I have some feedback that the switch to UTF-8 "breaking" working XML parsing is going to be an issue. I'm undecided on how to proceed, but I wanted to publicly look at the issue.
One approach (moving a discussion from an email thread):
The changes to switch between UTF-8 and codepage are pretty minimal. I think autodetection would be important rather than having the user have to tell the parser to use UTF-8 or not. The biggest issue is that many programmer don't know what UTF-8 is.
I'd suggest:
- if the microsoft UTF-8 lead bytes are set, use UTF-8
- if the "encoding" is specified UTF-8, use UTF-8
- if the "encoding" is specified, and is NOT UTF-8, use codepage (not correct, but the best it can do)
- if the encoding is not specified, use UTF-8
The last point is debateable. But at least old content could be "fixed" by adding the encoding tag.
Thoughts?
lee
If you would like to refer to this comment somewhere else in this project, copy and paste the following link:
On the last point (encoding not specified), I *think* the generally accepted thing is to assume UTF-8. The w3c spec (see below) seems to imply this, though its not 100% clear on it.
But the impression I've got of the TinyXml "mission" it makes sense to keep things "tiny". In my project, I know I'll only need plain ascii chars, and I don't want to compile in any UTF8-handling logic.
Ideally, there would be a either a compile-time #define to specify the default encoding (and perhaps even remove UTF-8 handling from a build), or a run-time way to specify it (eg parser->setDefaultEncoding( UTF8 ))
This is what scares me on the UTF-8 thing - you've captured what I expect to be a general concern. ASCII is a pure subset of UTF-8, so you don't have to do anything. Seemless. Nada. No change.
But I think you capture the concern of many developers who feel they are going to have to do something. Good docs and calling it "supporting UTF-8" will help, but it's still going to create churn.
lee
If you would like to refer to this comment somewhere else in this project, copy and paste the following link:
<rant>
On the W3C spec: when XML first came out I read about it and thought it was pretty cool. And then my boss at the time slapped this 1000 page "how to use XML" book on my desk, and I thought "shouldn't that be a pamplet or something?". I mean there just isn't that much to it. But somewhere, somehow, it all got really complicated. And the incredible detail, options, combinations, and just stuff in the W3C spec about something that is fundamentally *very simple* is part of the problem.
</rant>
If you would like to refer to this comment somewhere else in this project, copy and paste the following link:
Anonymous
-
2004-06-03
UTF-8 switch may be a good way!
If you would like to refer to this comment somewhere else in this project, copy and paste the following link:
I think it really makes sense to spend some efford in the encoding issue even if it makes tinyxml a little bit less tiny. There are just too many users that cannot stick to pure us-ascii.
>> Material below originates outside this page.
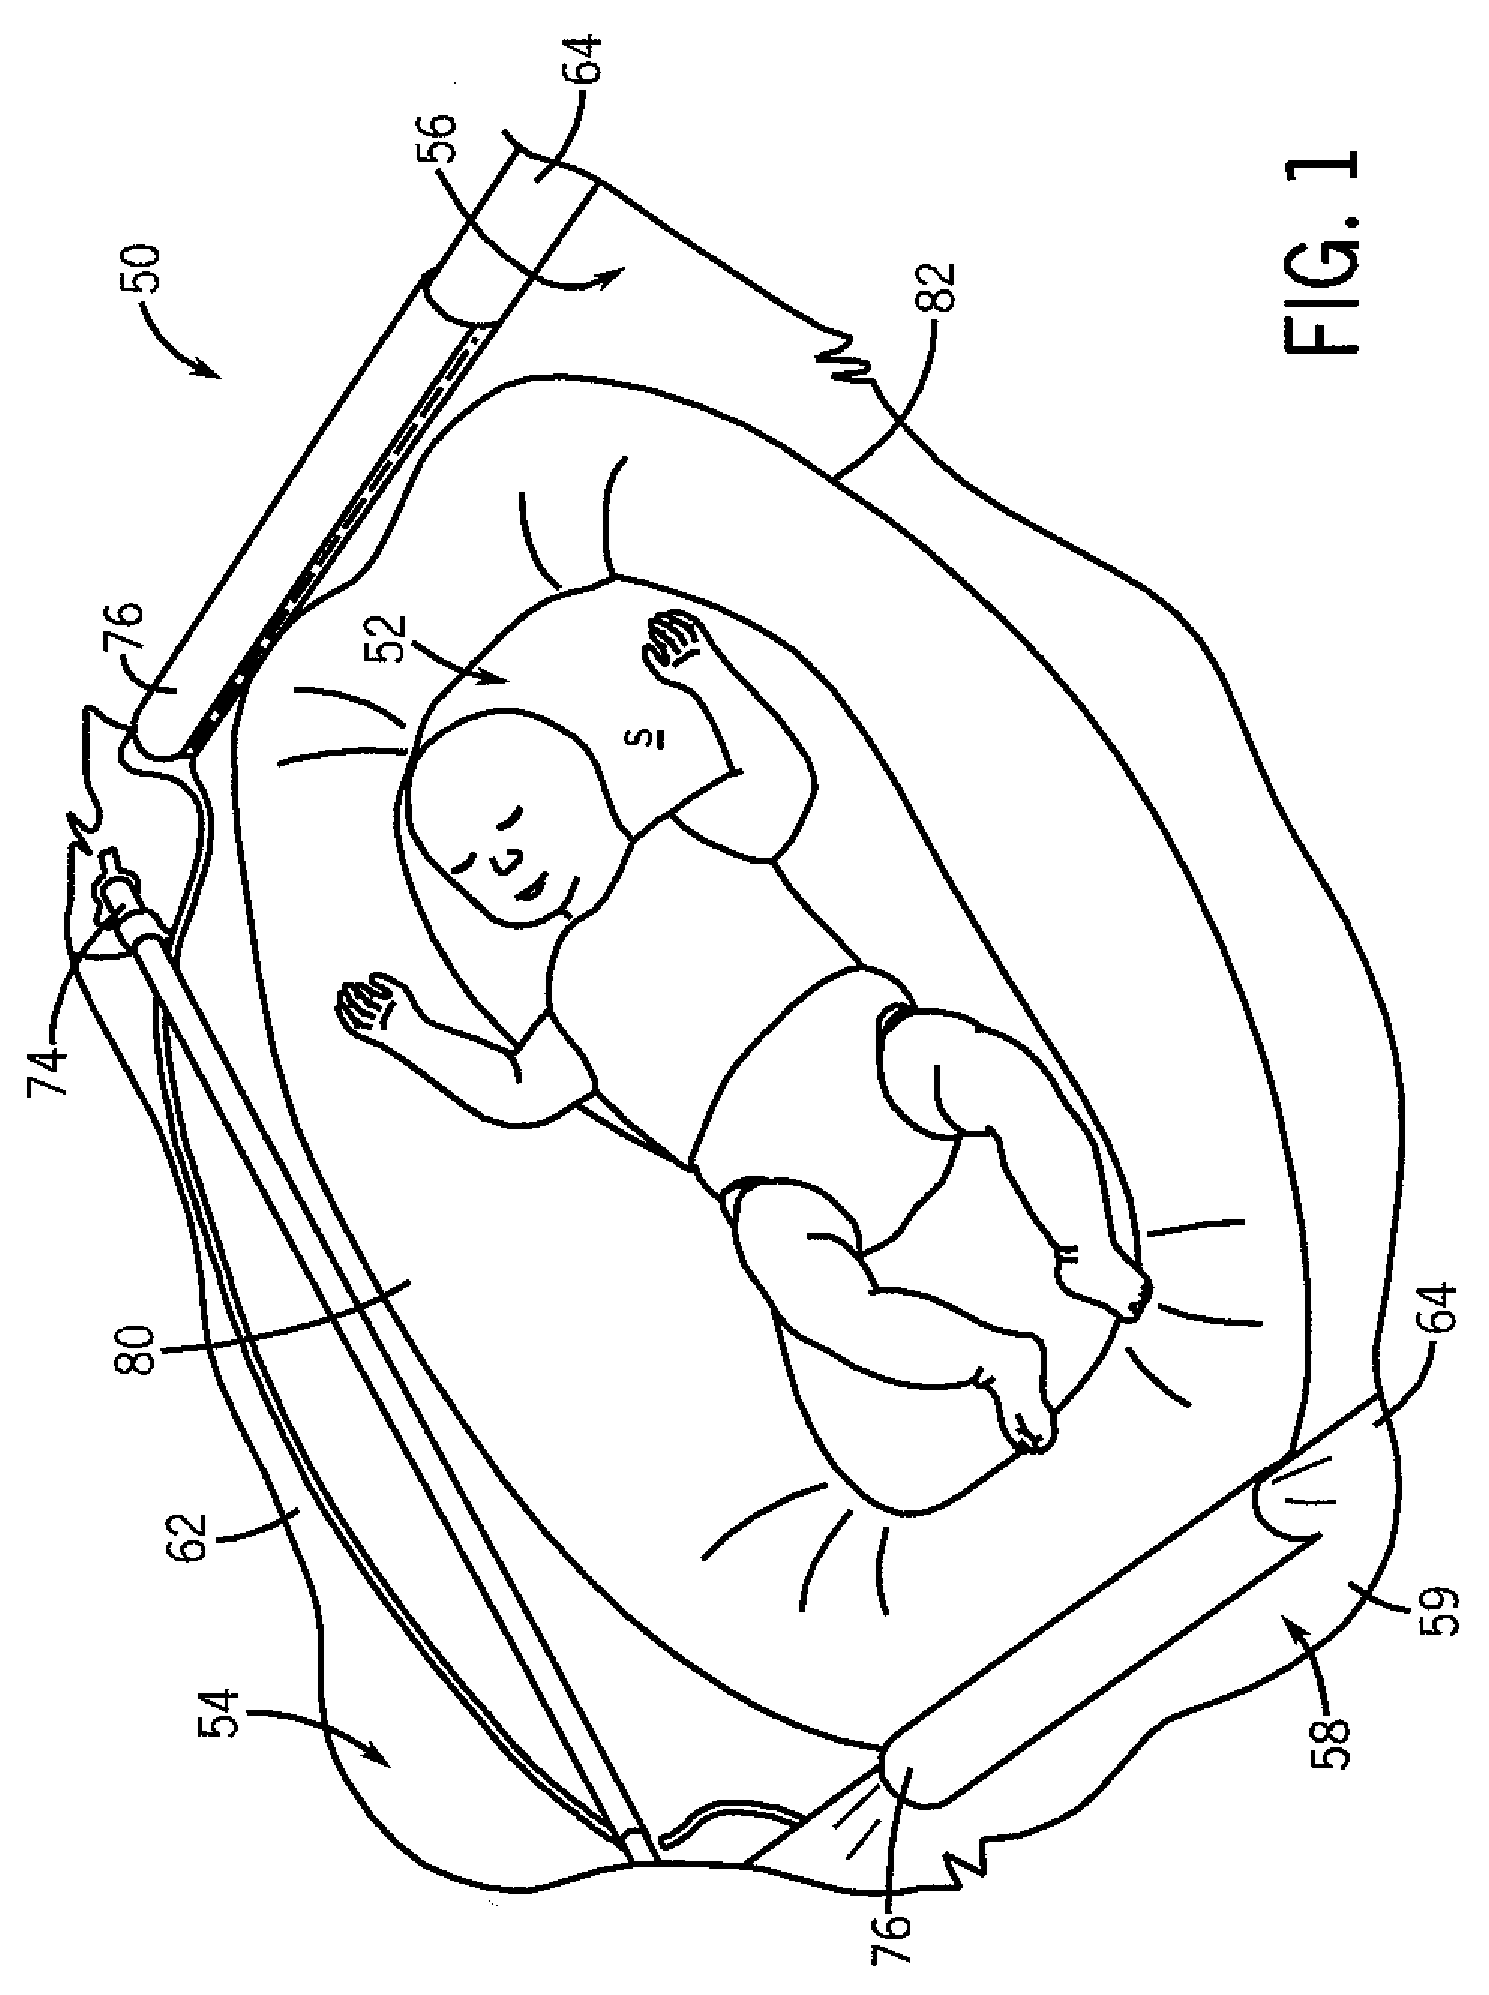 Infant sleeping apparatus and child containment system

The former way tinyxml handled encoding was both, tiny and sufficient for us (German) but it would be completely ok if we would have to specify the encoding since it's the standard way to do it (even if it would break some of our existing unit test cases).
So I fully support your suggestions. Regarding the last of it (encoding not specified) I don't have a clear opinion.
If you would like to refer to this comment somewhere else in this project, copy and paste the following link:
Okay, I went with the more correct rules. Hopefully the correct choice! The latest version in CVS will:
- If the "UTF-8 byte order marks" or "UTF-8 lead bytes" (0xef 0xbb 0xbf) begin the file or data stream, TinyXml will read it as UTF-8.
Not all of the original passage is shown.